Configurable logic IC 10 contains memory elements 20 that can be loaded with configuration data using pads 14 and input-output circuitry 12. Once loaded, the memory elements 20 may each provide a corresponding static control output signal that controls the state of an associated logic component in configurable logic circuitry 18. Typically, the memory element output signals are used to control the gates of field-effect transistors. In the context of configurable integrated circuits, the memory elements 20 store configuration data and are sometimes referred to as configuration random-access memory (CRAM) cells. The configuration data programs the configurable logic 18 to perform the custom logic functions according to the circuit design.

FIG. 4 is a diagram of another illustrative example of a configurable integrated circuit (IC) 400. Configurable IC 400 is an example of an IC as disclosed herein, such as IC 100. As shown in FIG. 4, the configurable integrated circuit 400 includes a two-dimensional array of functional blocks, including logic array blocks (LABs) 410 and other functional blocks, such as random access memory (RAM) blocks 430 and digital signal processing (DSP) blocks 420, for example. Functional blocks, such as LABs 410, may include smaller programmable regions (e.g., logic elements, configurable logic blocks, or adaptive logic modules) that receive input signals and perform custom functions on the input signals to produce output signals.

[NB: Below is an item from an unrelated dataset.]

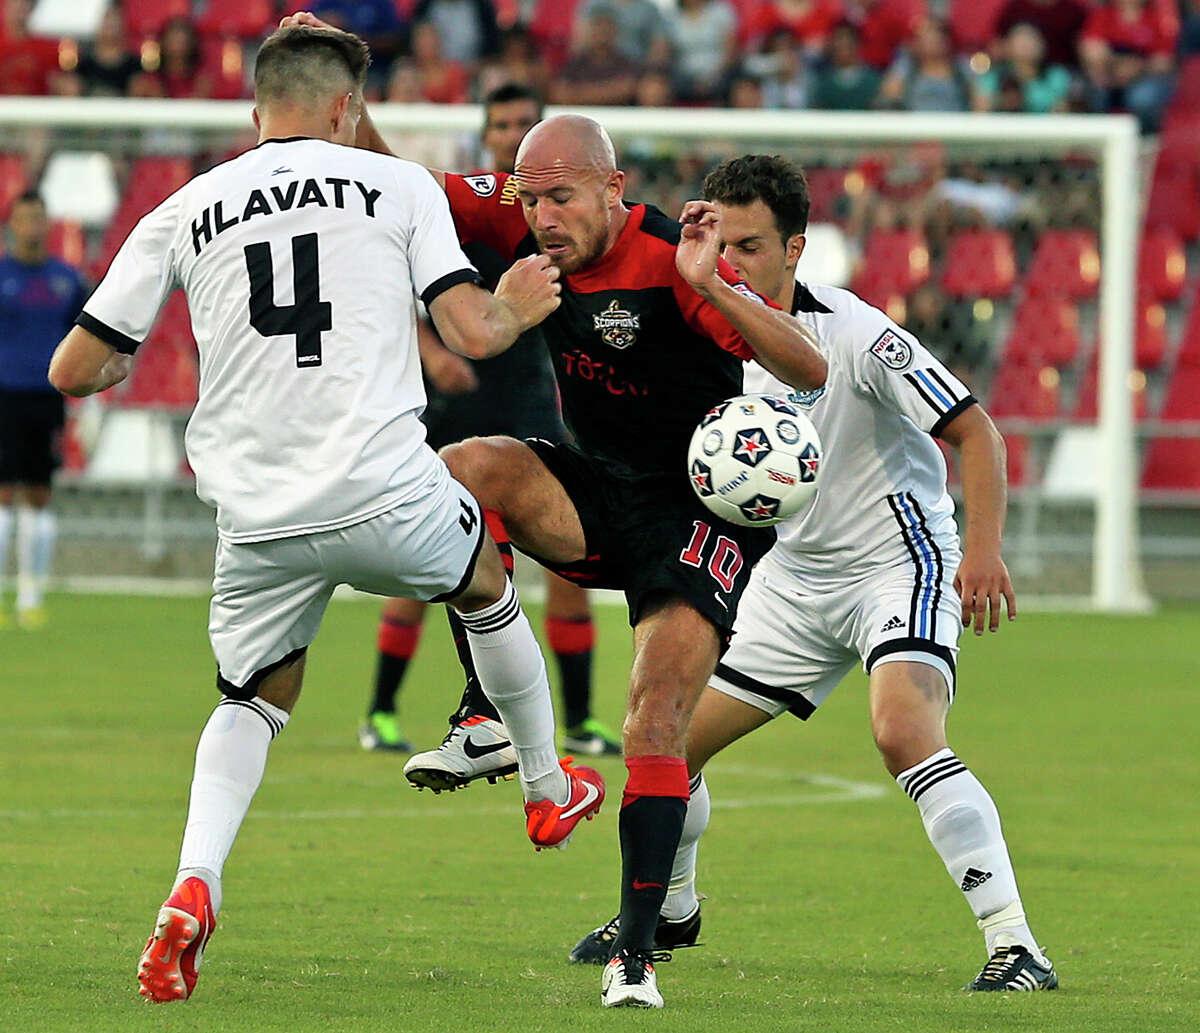 Hans Denissen squeezes the ball away from defenders as the San Antonio Scorpions host FC Edmonton on June 22, 2013.

In addition, the configurable integrated circuit 400 may have input/output elements (IOEs) 402 for driving signals off of configurable integrated circuit 400 and for receiving signals from other devices. Input/output elements 402 may include parallel input/output circuitry, serial data transceiver circuitry, differential receiver and transmitter circuitry, or other circuitry used to connect one integrated circuit to another integrated circuit. As shown, input/output elements 402 may be located around the periphery of the IC. If desired, the configurable integrated circuit 400 may have input/output elements 402 arranged in different ways. For example, input/output elements 402 may form one or more columns of input/output elements that may be located anywhere on the configurable integrated circuit 400 (e.g., distributed evenly across the width of the configurable integrated circuit). If desired, input/output elements 402 may form one or more rows of input/output elements (e.g., distributed across the height of the configurable integrated circuit). Alternatively, input/output elements 402 may form islands of input/output elements that may be distributed over the surface of the configurable integrated circuit 400 or clustered in selected areas.

The configurable integrated circuit 400 may also include programmable interconnect circuitry in the form of vertical routing channels 440 (i.e., interconnects formed along a vertical axis of configurable integrated circuit 400) and horizontal routing channels 450 (i.e., interconnects formed along a horizontal axis of configurable integrated circuit 400), each routing channel including at least one track to route at least one wire.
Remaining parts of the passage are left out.